Yes, getting developers to appreciate how well-structured and relevant logging reduces time-to-resolve and other metrics, which can only benefit your end users.
If you estimate how much time your support engineers spend on chasing down issues by analysing poorly-structured logs, you might be able to build a business case for getting improvements to the logging done by your developers.
Hello @ITWhisperer
Thank you again. So, you are saying.
\[(?<field1>[^\]]+)\]\s+(?<field2>\S+)\s+(?<field3>\S+)\s+(?<field4>\S+)\s+(?<field5>\S+)\s+(?<field6>\S+)\s+(?<field7>\S+)\s+(?<field8>\S+)\s+(?<field9>\S+)((\s+IPaddr:(?<IPaddr>\S+))?\s+(?<field11>userAgent:\"[^\"]+\")\s+(?<field12>\S+)\s+(?<field13>\S+)\s+(?<field14>\S+)(\s+(?<field15>\S+))?)?

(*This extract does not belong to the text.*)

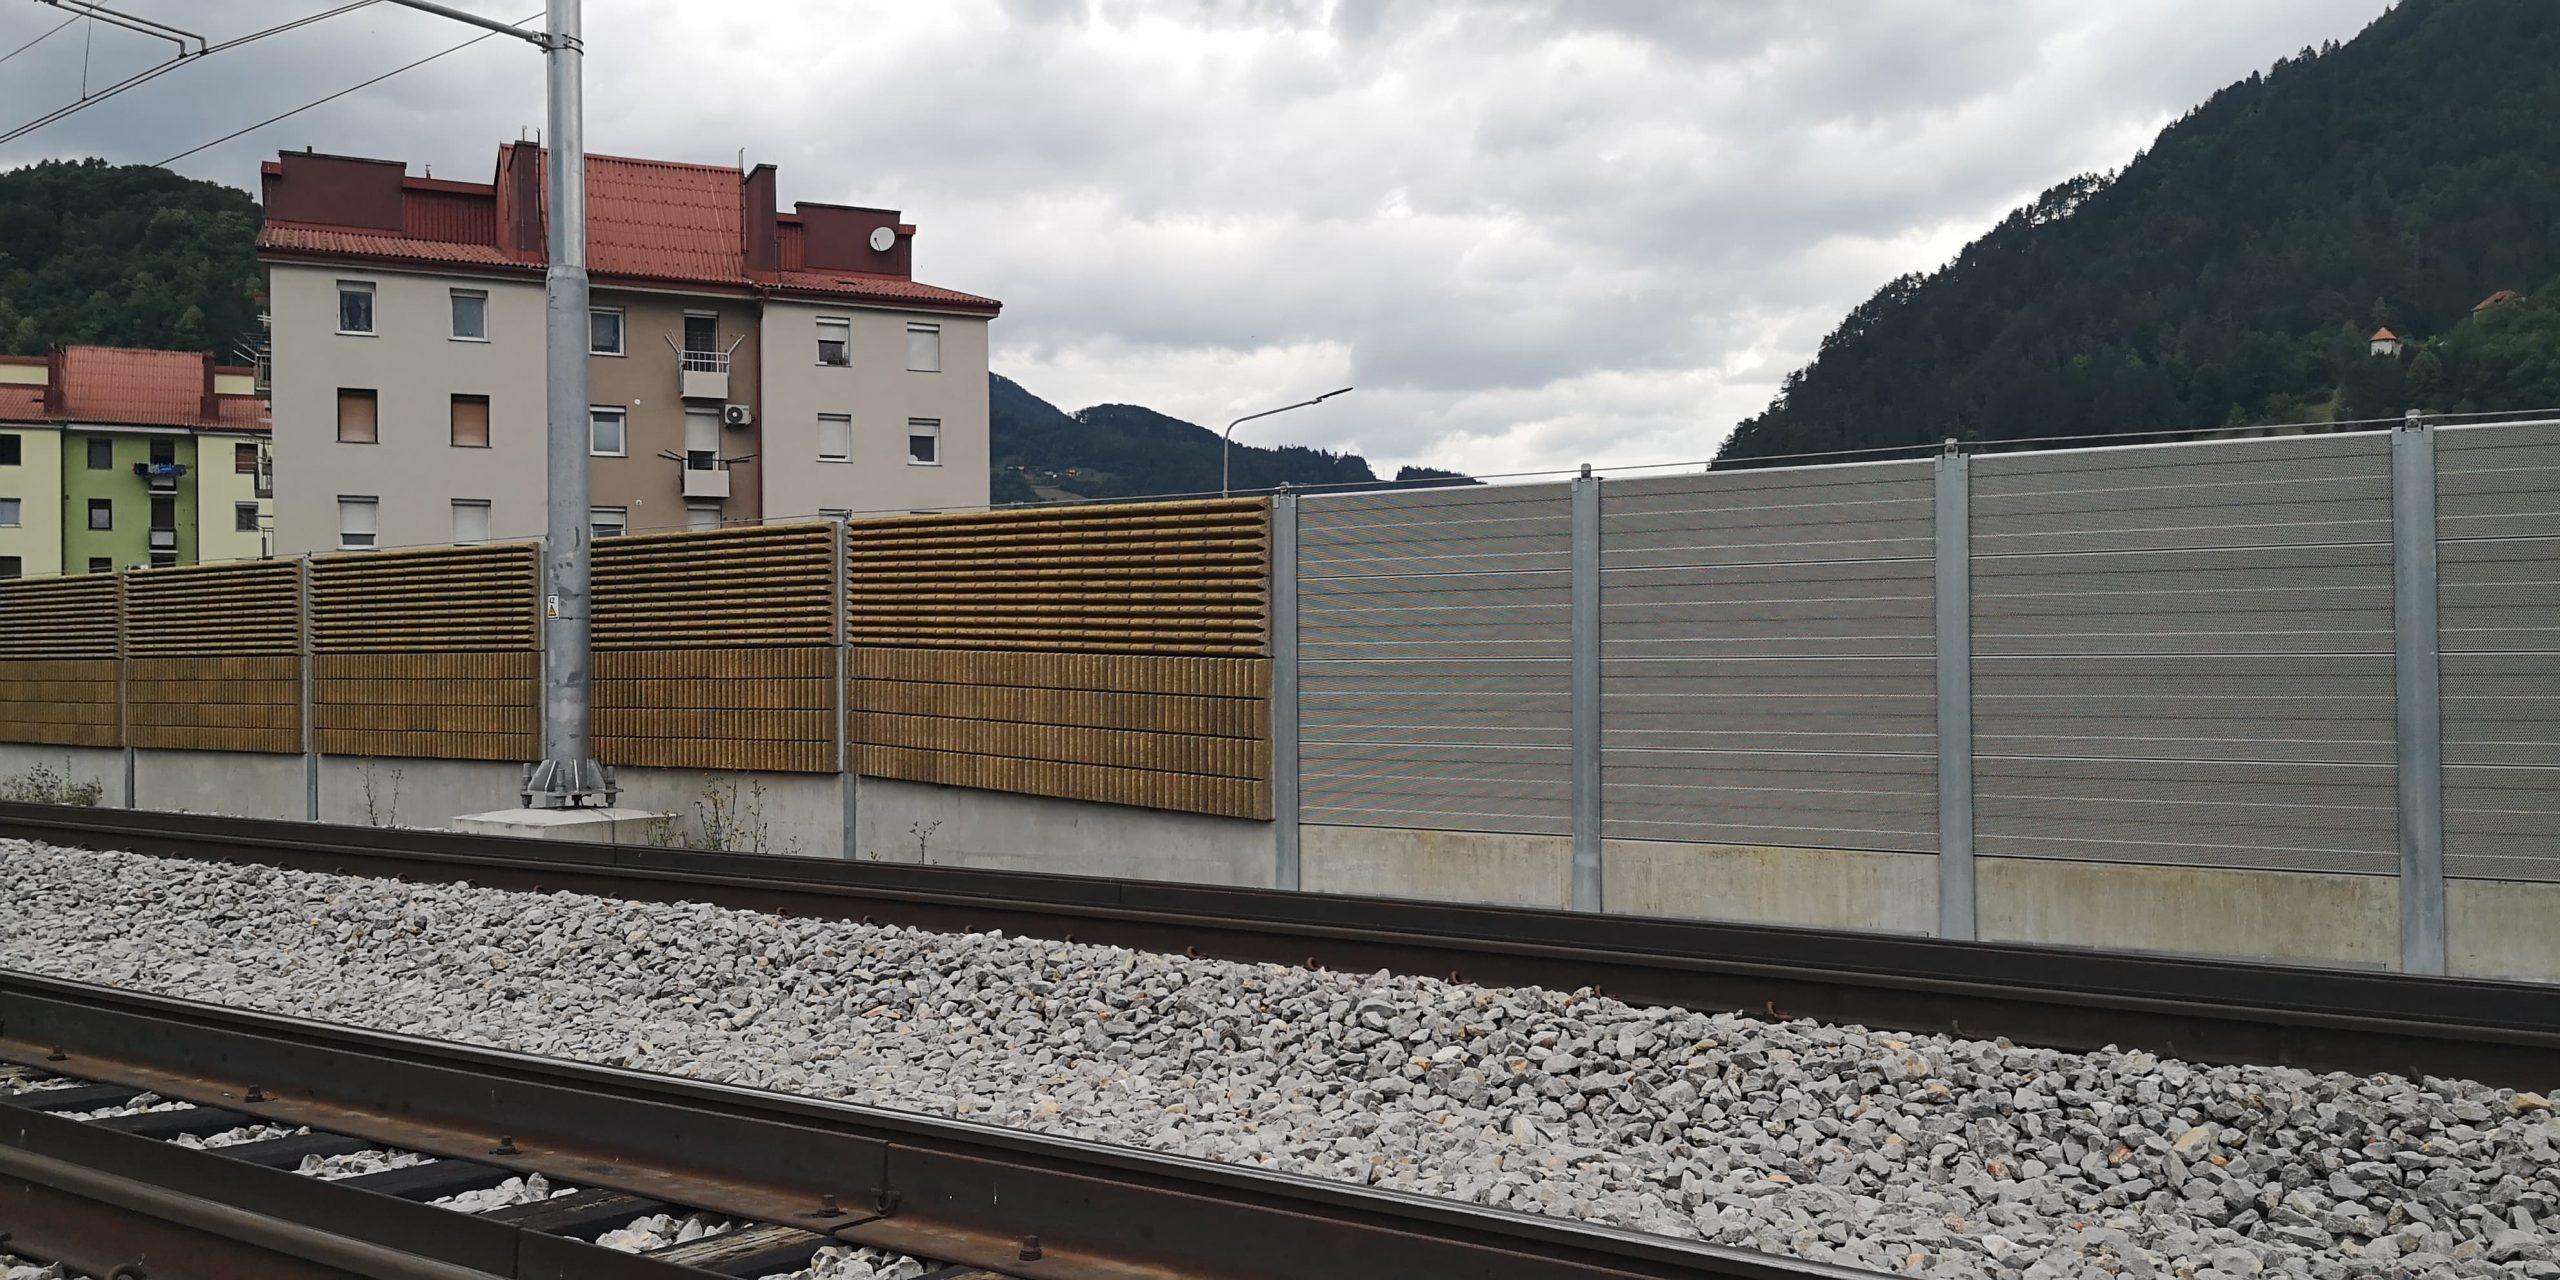 Prometni hrup Zidani Most-Celje slika35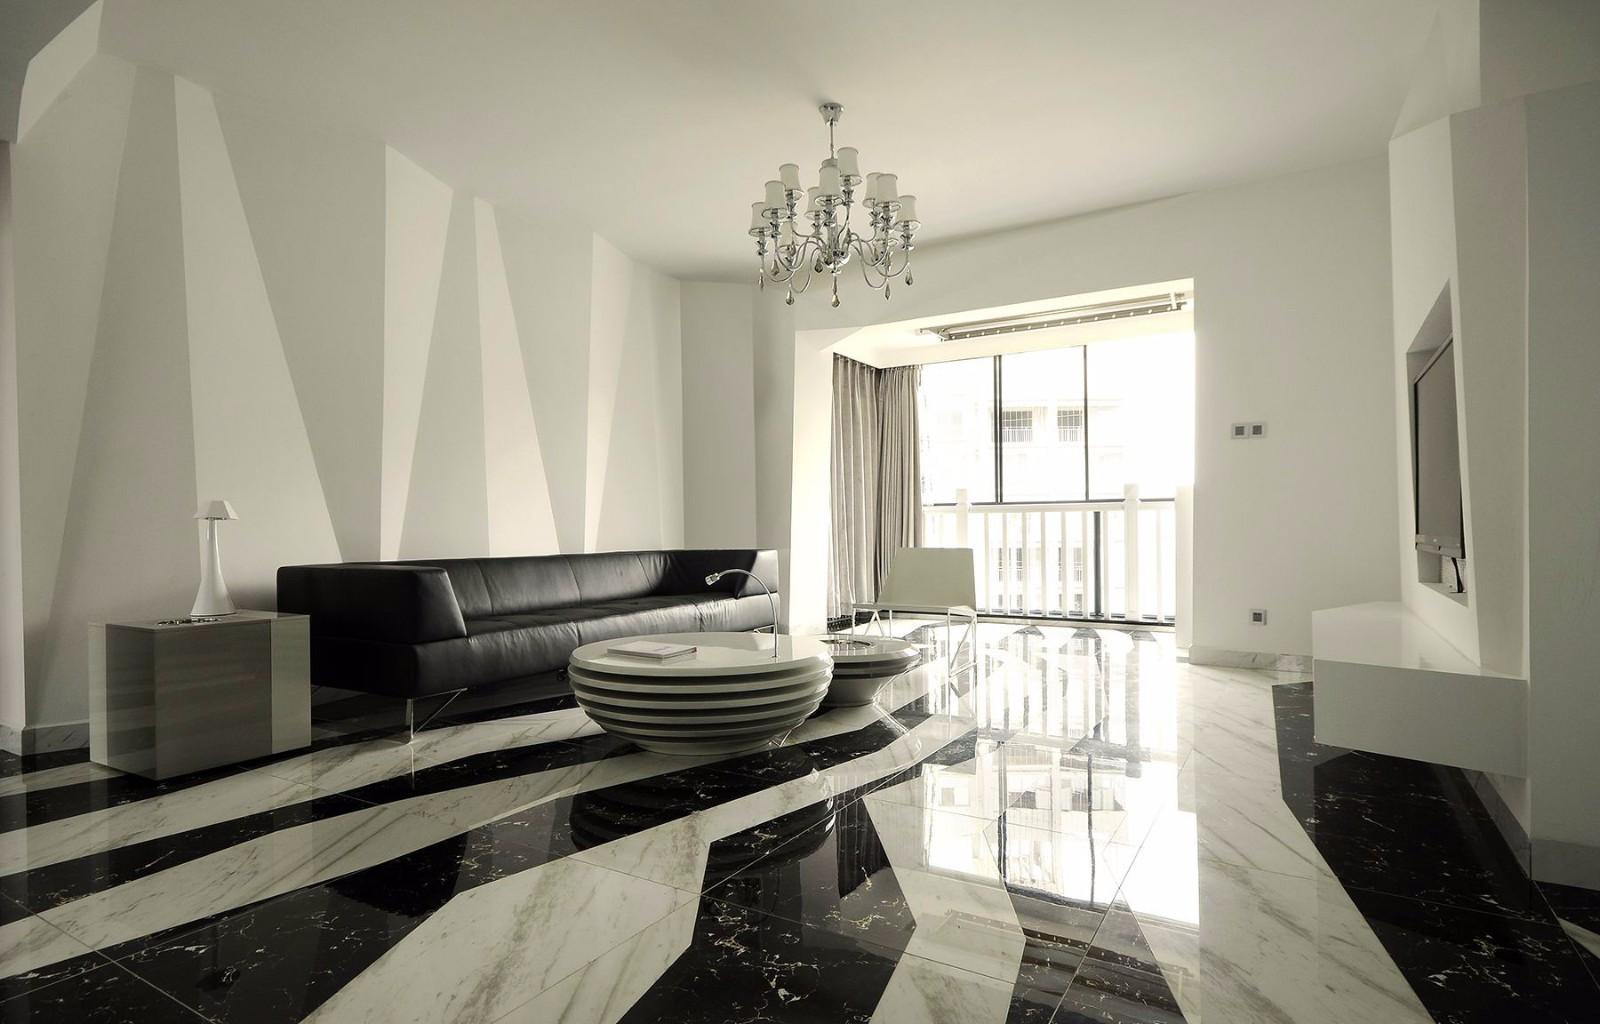 黑白简约现代风格客厅装修效果图

will cover both of the following events as those 2 events are within the same file.
[2023-04-25 07:46:09,358] INFO signin 0904c268c6b7e9d58 jw095lb signOut SUCCESS user:090wjlb monitorId:59c9098c6b7e9d5io
[2023-04-25 07:46:47,077] INFO signin ee2bop9853a5623c 65co9b signIn SUCCESS user:6op0bb monitorId:ee2klo853a562op IPaddr:10.54.190.56 userAgent:"Mozilla/5.0 (Windows NT 10.0; Win64; x64) AppleWebKit/537.36 (KHTML, like Gecko) Chrome/111.0.0.0 Safari/537.36 Edg/111.0.1661.41" userDescription:"6op0bb" sessionType:STANDARD browser:Chrome(111) os:windows
Yes - after field9 match there is an "extra" group (group 10) which covers the rest of the match groups and is optional.
Just to add one more thing, all of the sample events I provided are within the same files.